Это оказалось неприятным сюрпризом.
– Мегги? – спросил Дойл. – У нее что, были проблемы с законом?
– Эта информация конфиденциальна, – неловко сообщил агент Кин. – Защищена законом о праве на личную жизнь.
– Очевидно, не от вас, – сказал Дойл.
– Есть еще третья группа отпечатков, о которой мы хотим с вами поговорить, – сказала агент Детвейлер. Она отодвинула свой стул и развалилась на нем прямо напротив Дойла, как это делали полицейские в виденных ею фильмах. Ее толстые, мускулистые бедра натянули серую фланелевую ткань брюк. Агент Кин подошел и встал сзади, с глупой ухмылкой на лице. Они готовились к грубой имитации сцены с хорошим и плохим полицейским. Дойла охватила frisson déjа vu, [121] будто он вернулся в далекую молодость, полную мелкого воровства и пьянства.
– Человек, установленный по третьей группе отпечатков, имеет более значительное досье, чем ваше… – сказала агент Детвейлер.
Она вдруг замолчала, словно Дойл должен был заполнить тишину своим признанием.
Дойл подождал. Потом спросил:
– Ну и кто же это?
– Вы не знаете? – сказал Кин, нагибая голову в манере Германа Монстра. [122]
– Нет.
– Если вы не знаете, мы не можем вам сказать, – сказала агент Детвейлер.
– Понятное дело, – злобно сказал Дойл.
Агент Кин сделал шаг вперед и встал прямо под мерцающую лампу, которая отбрасывала зеленые тени ему на лицо, делая его ужасным.
– Есть пара версий, которых мы можем придерживаться, – сказал он. – Во-первых, что вы, мисс Пич и… этот третий вошли в сговор, чтобы убить редкое животное, и что вы вместе…
Дойл вскочил, его стул с грохотом опрокинулся на цементный пол.
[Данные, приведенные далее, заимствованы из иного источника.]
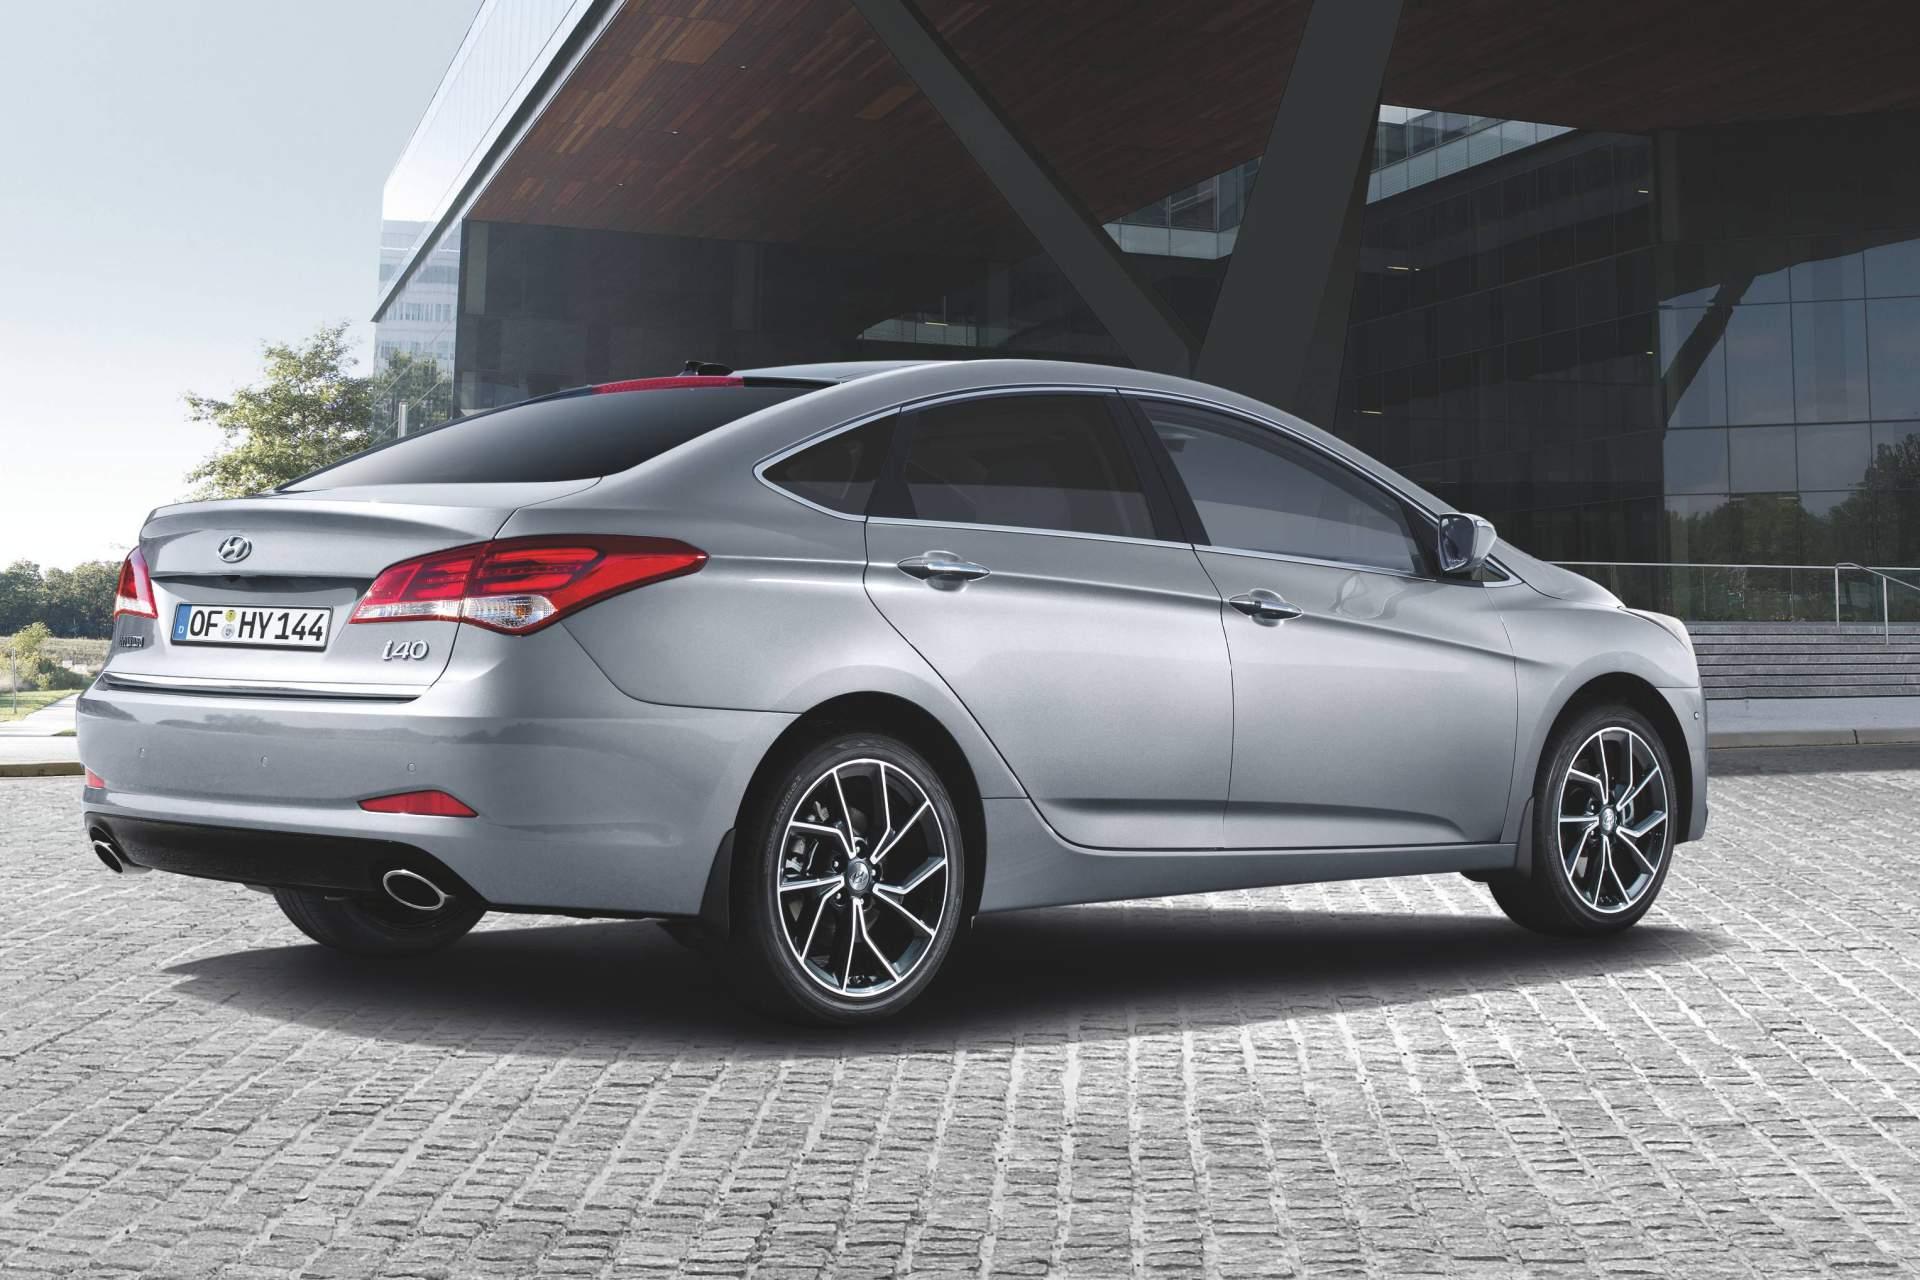 2019_Hyundai_i40_facelift–10
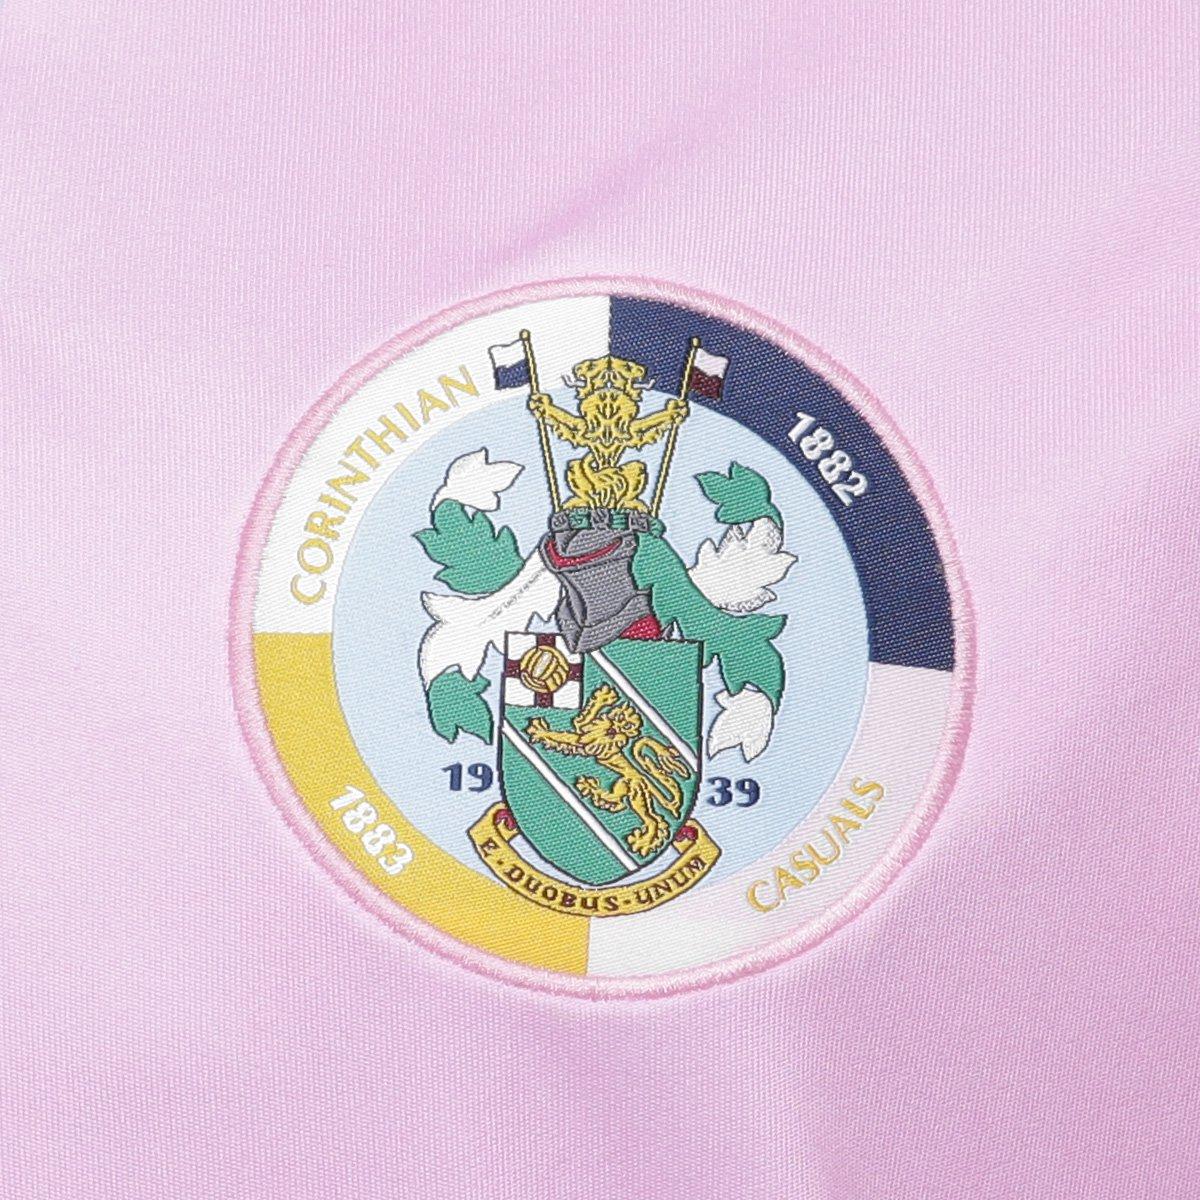 Camisa Corinthian Casuals Home 17 18 Torcedor - Masculina - Marrom e ... a19af490ce705

С него было достаточно.
– Вы вообще понимаете, что вы тут несете? – Теперь он кричат. – Мне-то зачем подбрасывать самому себе дохлого опоссума и потом сообщать об этом в полицию?
– Это только первая версия, мистер Дойл. – Агент Кин пытался сохранить рассудительный тон. – Вторая версия…
– Все! – Дойл замахал руками, словно разгоняя плохо пахнущий воздух. – Не желаю слышать о второй версии!
Он повернулся и выскочил через низкую дверь в проход с древним мусором, где каждый предмет принадлежал умершему человеку.
– Мы наблюдаем за вами, Дойл! – донесся до него голос агента Детвейлер, пока он бежал из этой паучьей могилы к свету парковки. – Не пытайтесь выкинуть что-нибудь эдакое!
Дойл вошел в бар за сорок пять минут до Счастливого часа, сел на свое обычное место в темном углу и стал смотреть, как Мегги готовит напитки. Она склонилась над горкой лаймов и лимонов, держа в руке здоровенный нож, ее зад соблазнительно выпячивался каждый раз, когда она отрезала очередной кружочек. Она что-то гудела в такт Мерлу Хаггарду из музыкального автомата, жевала зубочистку и казалась такой невинной. Но, может, это только видимость?
– Что-то не так? – наконец спросила она, покосившись на него.
– Один вопрос, Мегги, – мрачно начал Дойл. Красная гирлянда из больших зеркальных ламп над баром мигала, придавая его лицу слегка дьявольское выражение. – На тебя заведено уголовное дело. За что?
Мегги уставилась на него. Зубочистка выпала у нее изо рта. Нижняя губа начала дрожать.
– Как ты узнал об этом? – спросила она.
– Не важно. Расскажи мне.
Мегги медленно прошла к нему через весь зал со странным выражением лица, которого он раньше не видел. Он попытался дать ему определение, и на ум пришло только одно: стыд.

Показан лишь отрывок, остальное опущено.